Колчаковское министерство пыталось одним махом убить двух, а то и трех зайцев: затушевать, прежде всего, и принизить социально-политический характер повстанческого движения в тылу – дескать, не с большевиками борьба, а с бандитами, действующими под видом большевиков; во-вторых, организация дружин самообороны, по замыслу особого отдела, позволит создать свое партизанское движение, подняв против «бандитов» лояльную часть населения (иначе: кулацкую и прочую колеблющуюся часть), тем самым упрочив тыл; и в-третьих: поскольку банды в ту пору действительно орудовали по всем сибирским городам и весям, решение это выглядело вполне логичным и своевременным.
Колчак, прочитав постановление, остался доволен и подписал, не задумываясь.

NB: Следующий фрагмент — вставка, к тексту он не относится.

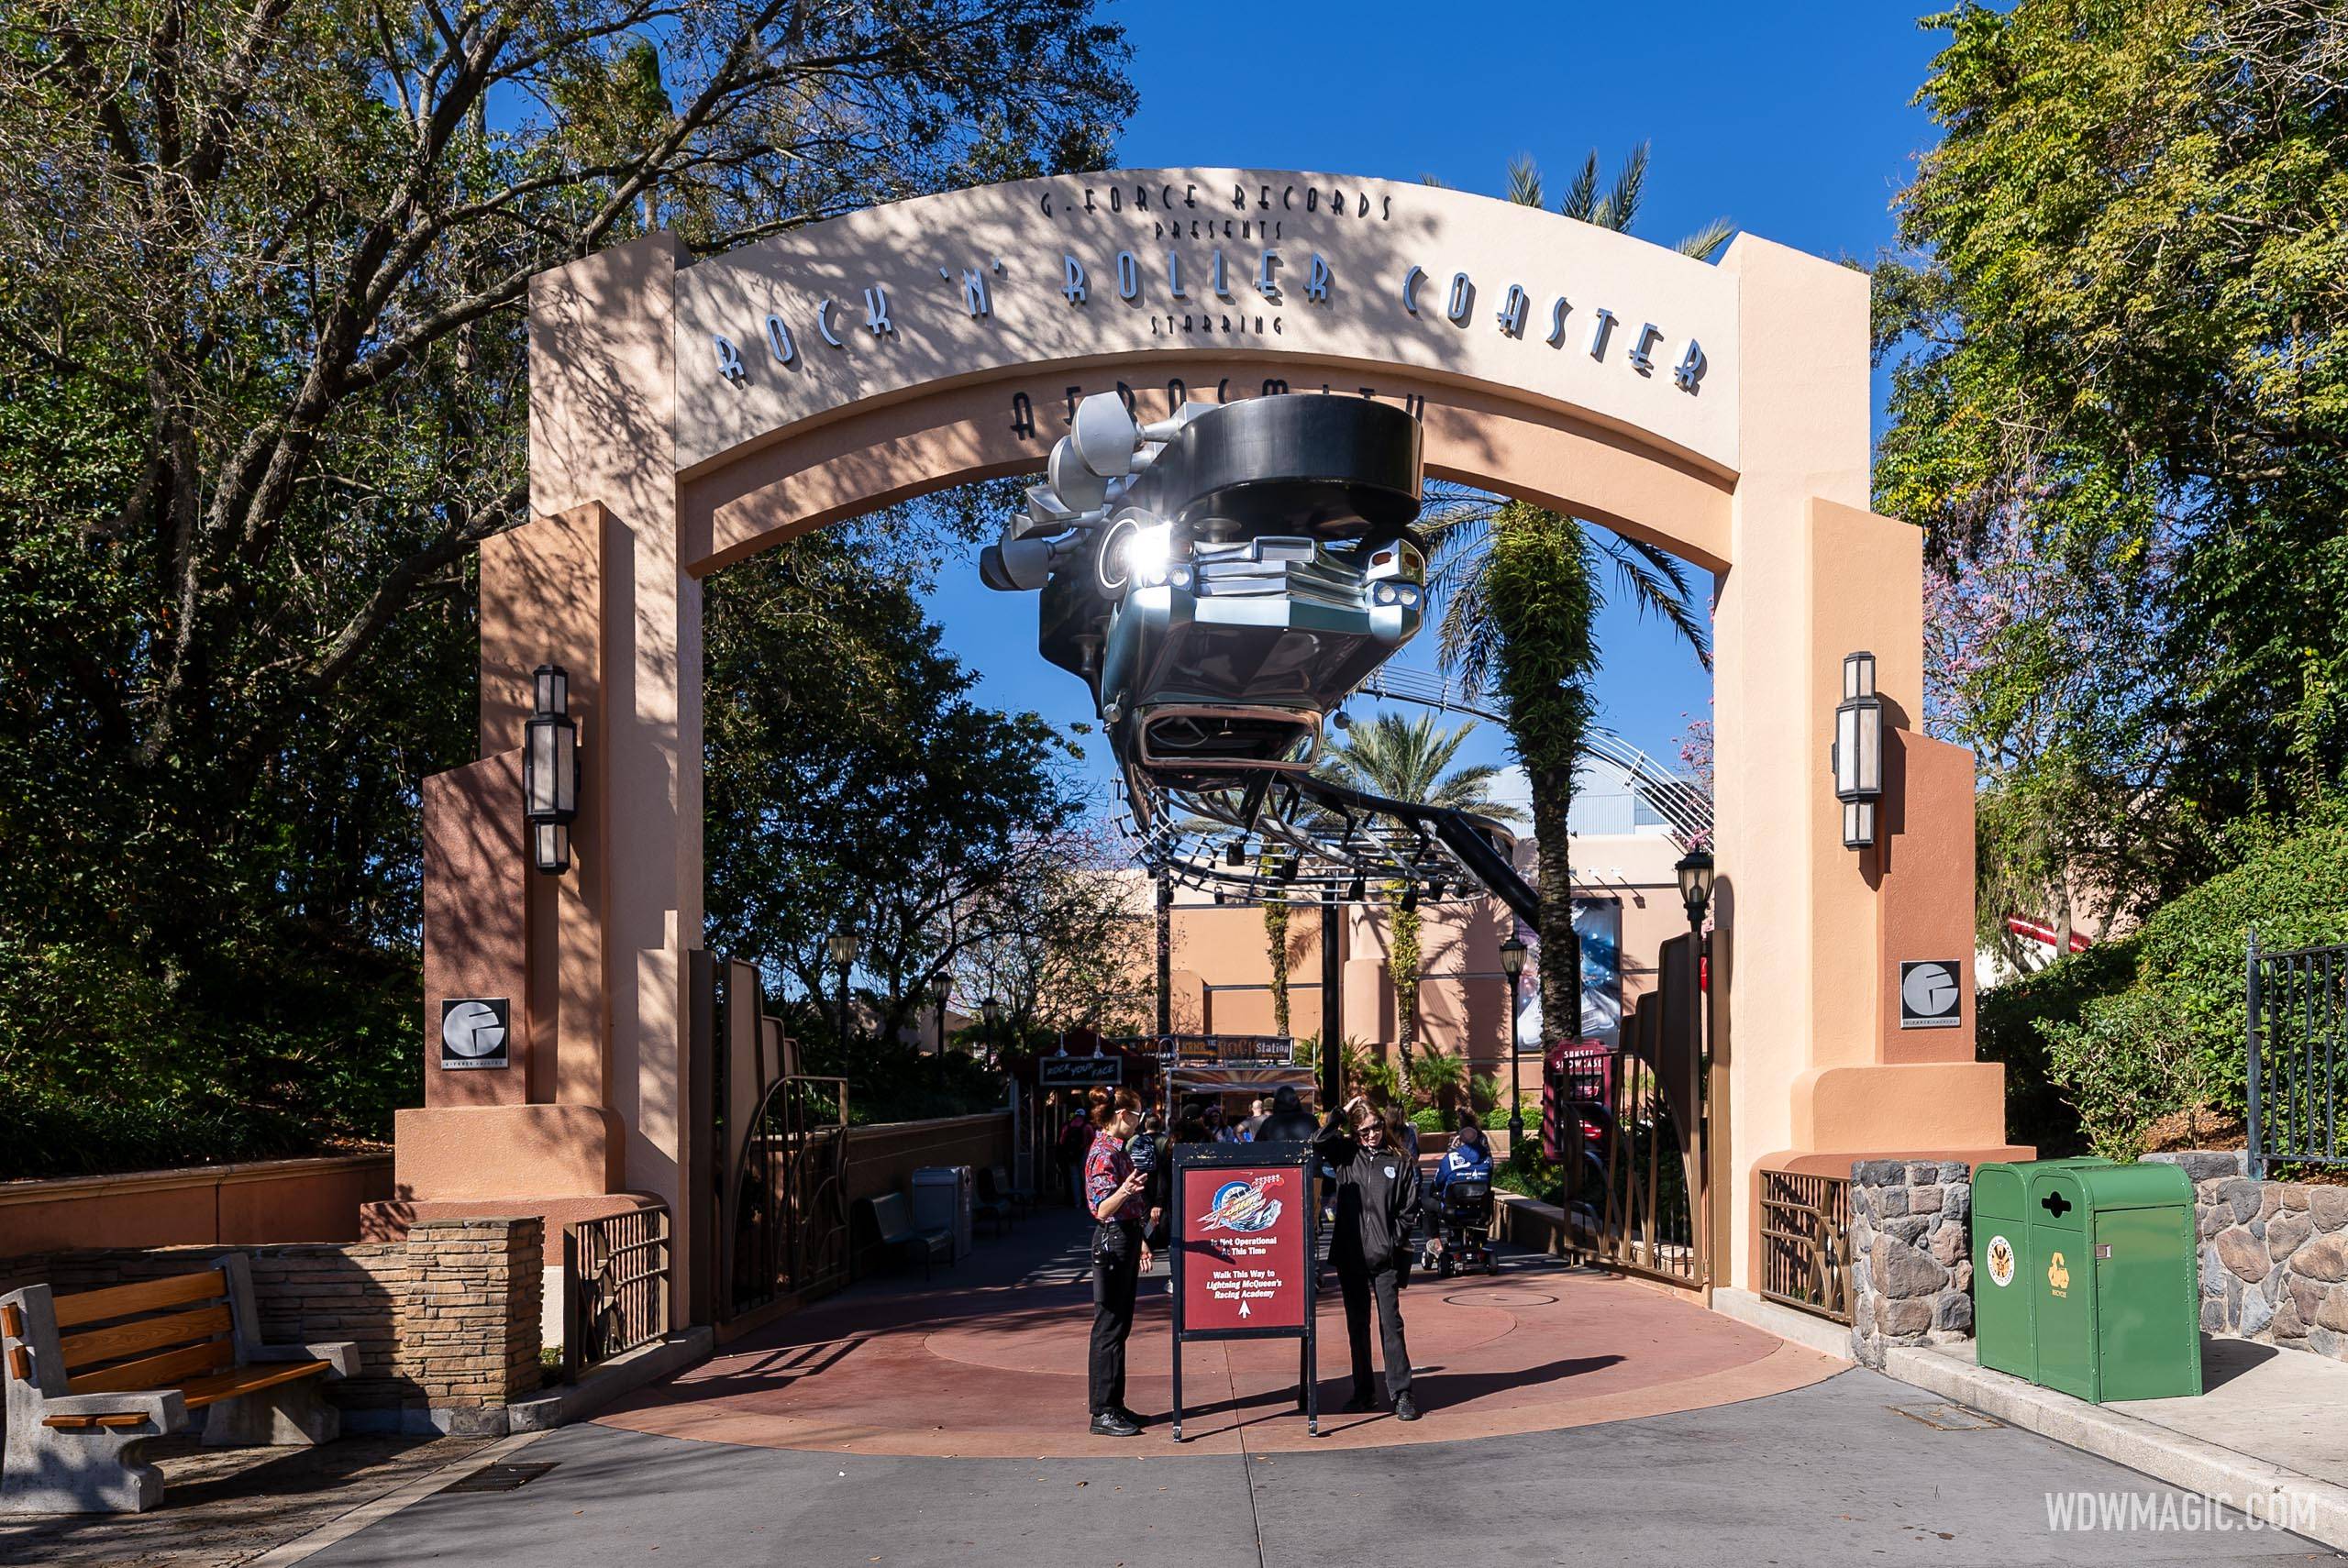 Rock 'n' Roller Coaster will close for renovations on January 6, 2024

– Правильно! Хватит надеяться на проводников.
***
Однако уже вскоре стало ясно: исправить положение одними только этими мерами – невозможно.
Теперь еженедельно, каждую субботу, на стол министра внутренних дел ложилась сводка, оценивающая положение в областях и губерниях Сибири и Урала по пятибалльной системе. Такая «классификация» была заведена особым отделом. «5» – значит, в губернии спокойно; «4» – наблюдаются отдельные агитационные выступления; «3» – вооруженные выступления; «2» – идет образование фронтов; «1» – положение безнадежное; «0» – отсутствие каких-либо донесений.

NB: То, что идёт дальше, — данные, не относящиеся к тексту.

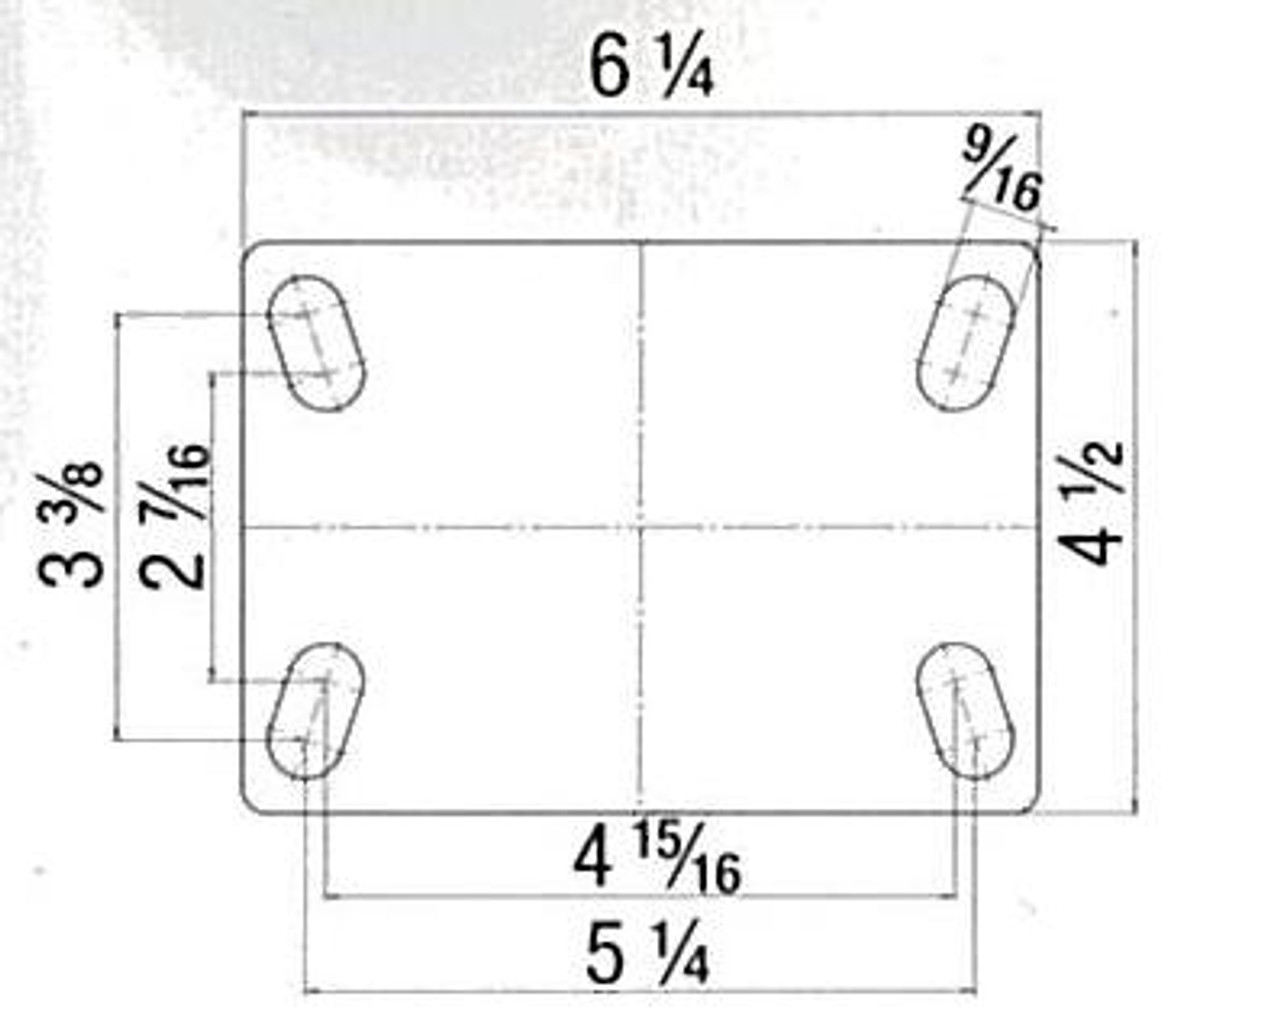 BSFE-SE 200K-16 Blickle 8" Top Plate Dimensions

Справедливости ради, надо заметить, что цифра «1» ни разу не появлялась в сводках. И это понятно: кто же решится взять на себя смелость назвать даже и самое тяжкое положение – безнадежным? Зато «0» фигурировал часто. Тут тоже понятно: «ноль» – значит, никаких сведений, а коли их нет, стало быть, и взятки гладки… Под «нолем» ведь могут скрываться и «единицы» и «двойка», и даже «пятерка»… Думай что хочешь и как хочешь.
Пепеляев тем не менее требовал исчерпывающих сведений. И не раз выговаривал сотрудникам особого отдела:
– Ноль – это пустое место, дыра, отсутствие какой бы то ни было оценки. А мне нужны оценки. Оценки!..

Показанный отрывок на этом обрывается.